Fin Octobre 1915
Fin Octobre 1915
J’ai depuis, quelques semaines, pu lâcher mes béquilles pour les remplacer par deux cannes. C’est une amélioration notable dont je me félicite vivement ; mais, que les premiers pas sans l’aide des béquilles, m’ont été pénibles, et combien il m’a fallu d’énergie et de volonté pour persister. J’en suis, du reste, bien récompensé maintenant qu’il m’est permis de me mouvoir d’une façon un peu plus normale.
Lucien en famille, promenade au parc octobre 1915. De gauche à droite: Julie son épouse, Denise, sa fille aînée, Jeanne Proutaux, sa belle-soeur avec Simone debout sur ses genoux, Lucien et Marie Broussard, son autre belle-soeur.
Je dois me rendre chaque jour dans un établissement de mécanothérapie situé aux environs de l’Hôtel de Ville pour y recevoir des soins, massages et autres, destinés à rendre un peu de souplesse à ma jambe.
Il y a quelque temps, j’avais rendez-vous à cet endroit avec le père Maunoury[1], venu passer cinq ou six jours à Paris (j’ai omis de dire que mon ancien compagnon de la rue de la Chaise, était parti en convalescence à Quimper, sa garnison à la Mobilisation). En sortant de l’Etablissement de Mécanothérapie, nous sommes pris par une pluie diluvienne ; à cette époque, je faisais encore usage de mes béquilles et marchais très péniblement ; le capitaine Maunoury était en civil. Afin de nous mettre à l’abri, nous nous dirigeons tous quatre (Mme Maunoury et ma femme nous accompagnaient) vers un café, le café du Châtelet pour ne pas le nommer. On ne fait, naturellement, pas de difficulté pour admettre mes trois compagnons à la terrasse de ce café, quant à moi, le garçon émet la prétention de m’empêcher de m’y asseoir, sous prétexte qu’il n’est que quatre heures de l’après-midi et qu’une circulaire du Gouverneur Militaire de Paris interdit l’accès des cafés aux militaires, jusqu’à 5 heures… On doit penser si je me montrais satisfait de cette manière ridicule d’appliquer une consigne qui, dans l’esprit du Gouverneur, ne s’adressait certainement pas aux blessés, mais aux fricoteurs et embusqués de la Garnison de Paris. Je n’en persistai pas moins à m’installer à la terrasse en attendant la fin de l’averse – sans consommer, cela m’était égal- et en disant au garçon de quérir un agent si le cœur lui en disait, ce qu’il ne fit pas, d’ailleurs, car le gérant, survenu sur ces entrefaites, avait apaisé son zèle intempestif et ses scrupules réellement par trop peu justifiés. C’est égal, j’étais plutôt furieux de cet incident et je voyais autour de moi que les consommateurs partageaient mon indignation : « Soyez donc un héros ! » fut la conclusion toute philosophique donnée par le père Maunoury à cette aussi sotte qu’extravagante petite histoire.
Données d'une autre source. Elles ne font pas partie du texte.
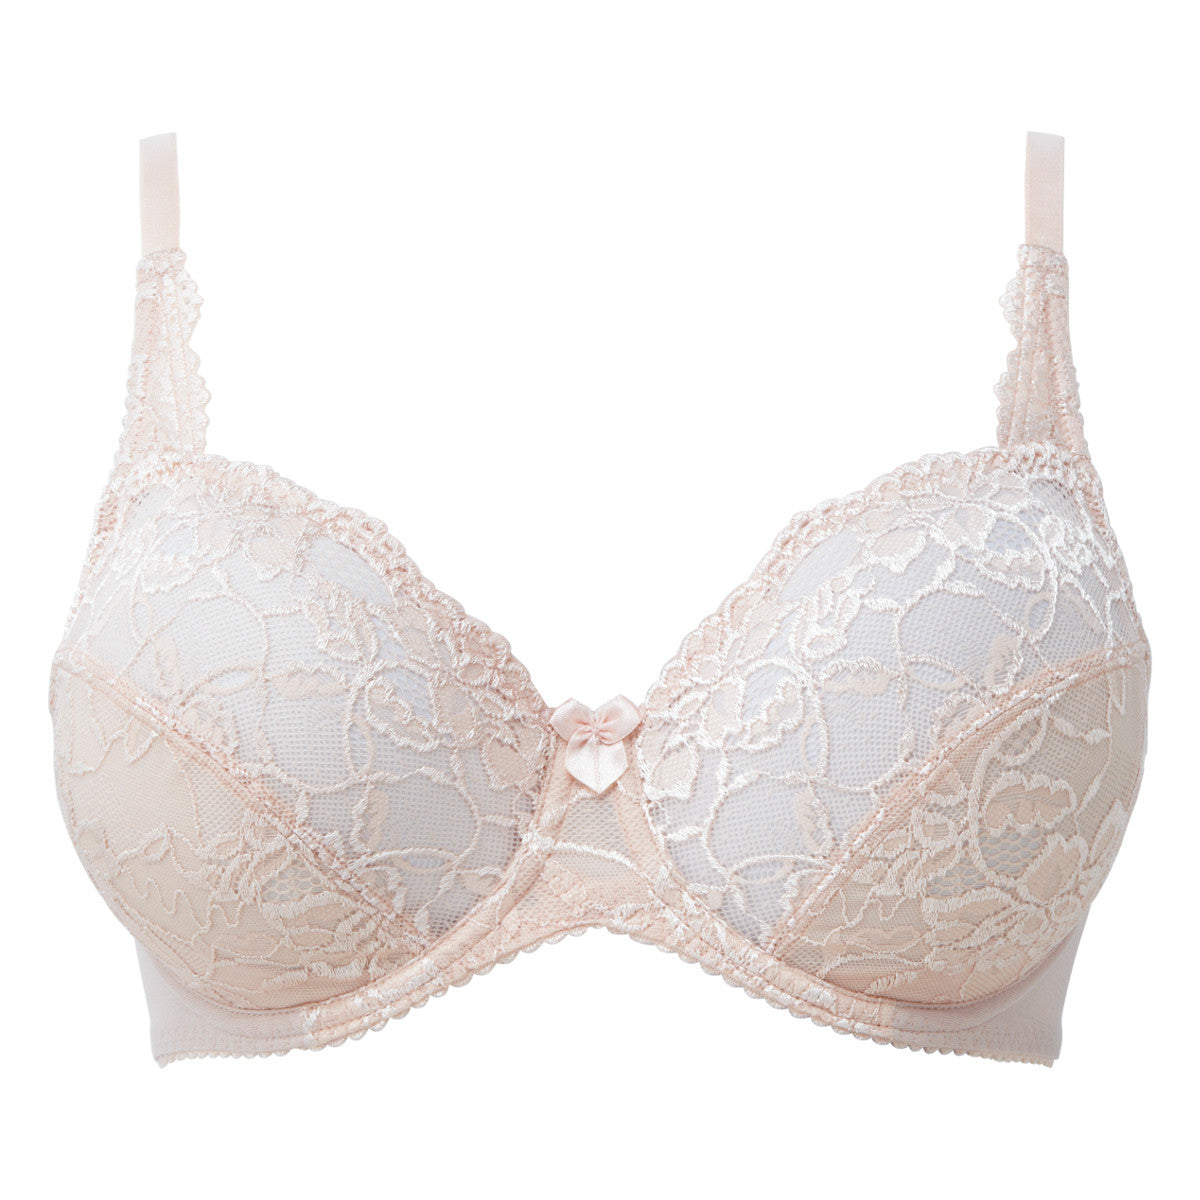 CHARNOS ROSALIND FULL Cup Bra 116501 Underwired Womens Lace Bras $17.72 -  PicClick

Il y a une huitaine de jours, mon camarade Hanns[2] m’a adressé une lettre dont j’extrais le passage suivant : « Le Régiment a pris sa part des combats de Septembre ; vous savez que l’on a conquis Souchez et qu’on a avancé d’environ un ou deux kilomètres en avant de ce village ; mais on s’est heurté, en avant de Souchez, et en avant de Neuville, à des tranchées intactes qu’il a été impossible de franchir, si bien que l’avance a été enrayée, ici comme en Champagne. C’est précisément le 226e qui a eu la malchance de tomber sur la première tranchée intacte à l’Est de Souchez (tranchée de la côte 119) ; il s’est brisé dessus et malgré sa très belle attaque, malgré deux assauts successifs, il a dû reculer. Nous avons, de nouveau, en là des pertes énormes ; mais l’allure du Régiment fut très remarquée, à tel point que le 226e vient d’être cité à l’ordre du jour de l’Armée, et que le Colonel Grange a attaché une Croix de Guerre à notre Drapeau. »
Extrait de l'Historique du 226e Régiment d'Infanterie pour la période de septembre 1915.
Nul ne saura jamais combien il m’est pénible et douloureux de savoir que le Drapeau de mon Régiment, sous les plis duquel j’ai vu le feu pour la première fois, a reçu une distinction enviée sans que je sois présent pour prendre ma modeste part de l’honneur qui en rejaillit sur chacun des membres du 226e !
Autre photo prise à la même époque où Julie pose en infirmière bénévole avec sa fille Denise.